The following is the qualification system and qualified athletes, countries and teams for the Archery at the 2023 Pan American Games competitions.

Qualification system 
A total of 98 archers will qualify to compete at the games (49 per gender). A country may enter a maximum of ten archers (five per gender). As host nation, Chile qualifies eight athletes automatically (3 for the men’s and women's recurve event each, 1 for the men’s and women’s compound event each).

The present Qualification System has been designed to ensure 8 recurve teams and 5 compound teams of each gender, as well as the participation of individual archers from as many countries as possible. For this reason, a country can qualify either a 3-archers team or just one archer.

As provided for the Olympic Games, a country cannot participate with two archers in one category for Santiago, except if one of the archers qualified at the Pan American Junior Games in Cali.

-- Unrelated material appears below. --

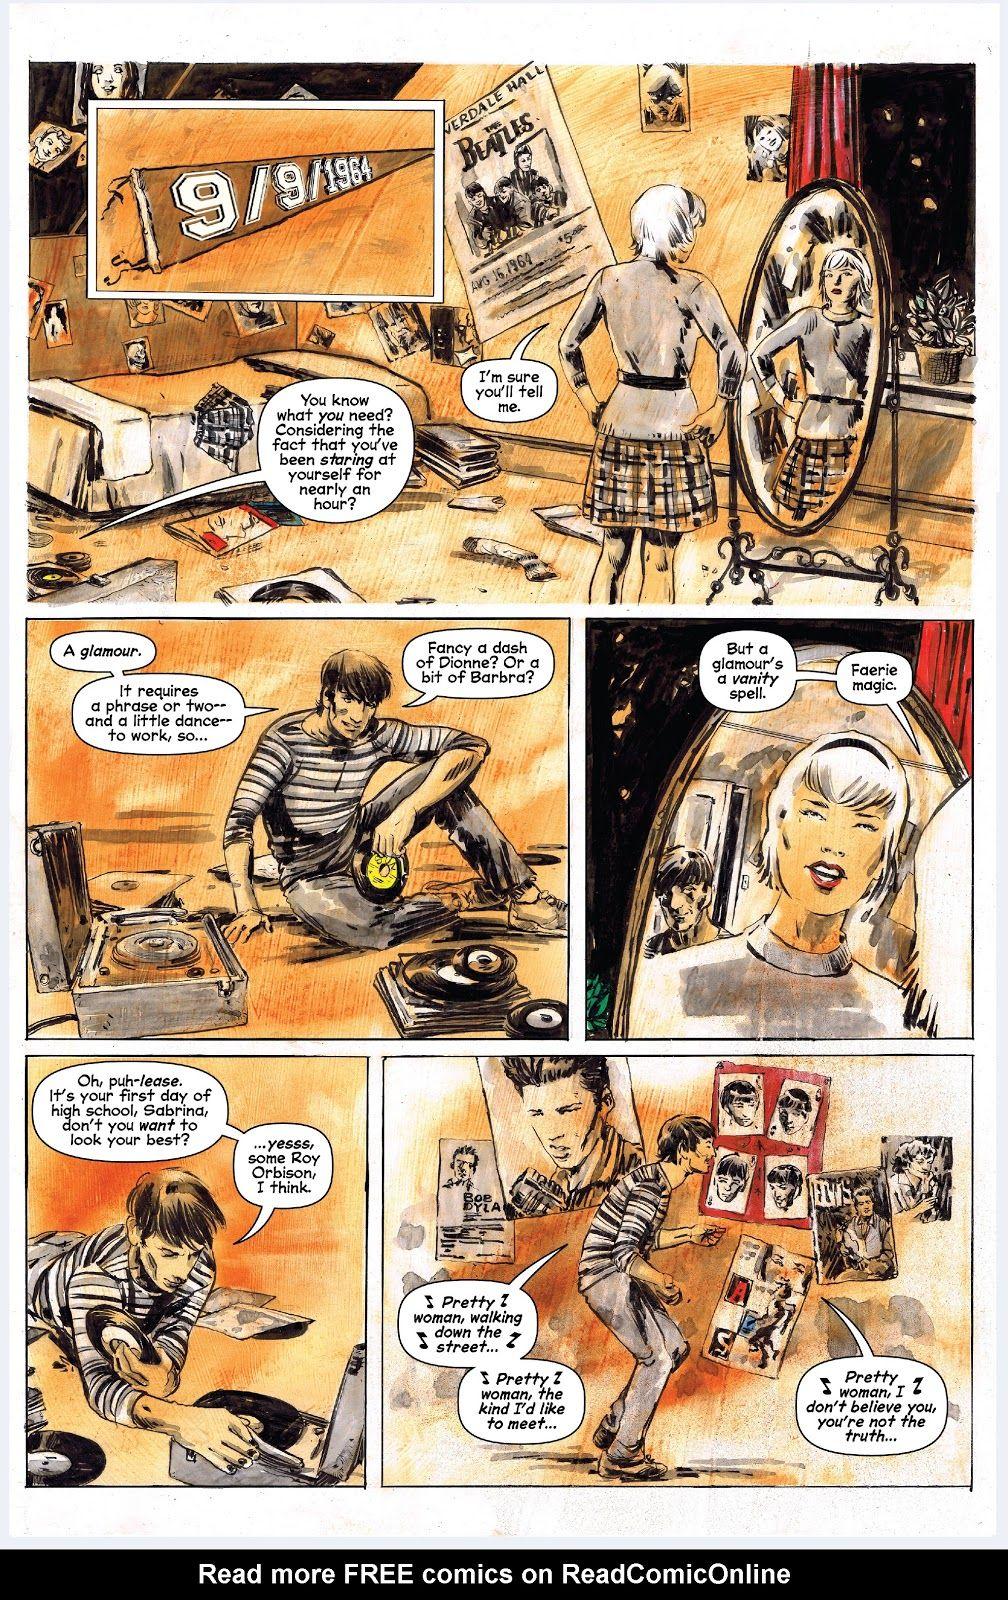 Chilling Adventures Of Sabrina Issue 1 Read Chilling Adventures Of Sabrina Issue 1 Comic Online In High Quality Sabrina Spellman Archie Comics Comics

As there are countries (Colombia, Venezuela, Panama and Guyana) whose geographical location allows them to compete at the South American Games and the Central American and Caribbean Games, their National Federations must inform World Archery Americas by July 31, 2022, in which of these two Games they want to be considered for Pan American Games qualifying positions. This information must be provided in writing and must be accompanied by a letter of approval of their respective National Olympic Committee.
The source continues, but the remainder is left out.